No paid tier planned. No telemetry to monetize. If maintenance ever shifts to paid, current installs keep working at the price they were installed at. The version you have now is the version you have forever.

for the nerds

SOTA models, on your CPU, no asterisks.

tellmebaby ships speech engines that pick themselves automatically based on the languages you speak. The defaults rank near the top of the public Hugging Face Open ASR leaderboard. All of them run in INT8 on a normal laptop CPU at multiples of real-time.

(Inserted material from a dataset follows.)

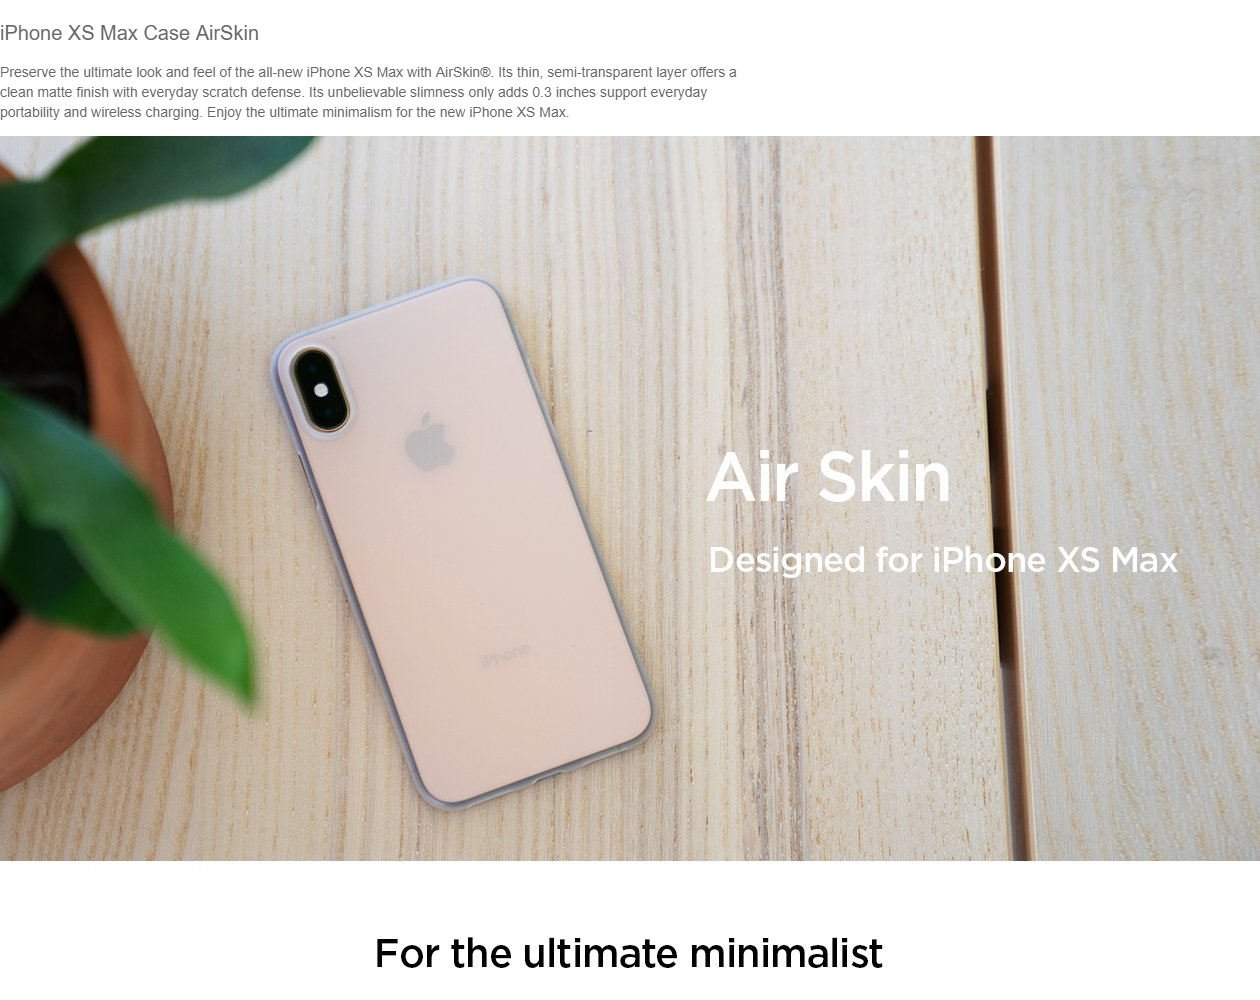 timeless design 71337 c6fc3 Spigen iPhone XS Max 6.5 Air Skin Case (Authentic)

Model	WER ↓	Speed (RTF) ↑	Languages	Size
Parakeet TDT 0.6B v2	~6.05%	~30×	English	660 MB
Whisper Large v3 Turbo	~7.4%	~4×	99 (multilingual)	1.0 GB
Parakeet TDT 0.6B v3	~6.3%	~30×	25 EU (incl. English)	660 MB
Cohere Transcribe 2B	~5.4%	~12×	14 (EU + zh/ja/ko/vi/ar)	1.7 GB
OmniLingual ASR 300M	varies	~6×	1600+ (low-res. fallback)	700 MB

WER on the Hugging Face Open ASR Leaderboard (avg across English benchmarks, lower is better). RTF measured on 8-core x86 CPU, INT8 quantized weights, sherpa-onnx runtime. We default to Parakeet v2 + Whisper Turbo because that lineup held up better in real-world dictation (technical vocab, proper nouns, quick utterances); the others stay one click away in Settings → Speech & AI for users who want them.

Nothing is silently lost.

Long recordings decode as silence-bounded windows, so a ten-minute ramble comes out whole. If a decode comes back blank, I retry down a ladder — drop the hotwords, split on silence, switch to a different engine architecture. And if a stretch still couldn't be decoded, the transcript says so. I'd rather admit a gap than invent words.

// decode ladder

1 — decode in silence-bounded windows

2 — blank? retry without hotwords

3 — still blank? split on silence, recurse

4 — last resort: a different engine

! gap remains → the transcript says so

choreography

Five hotkeys. Zero menus.

Picked so they don't fight your browser, your editor, or Windows itself. Ctrl+Shift+Alt + a letter is essentially never claimed by anything else — so the chords stay yours.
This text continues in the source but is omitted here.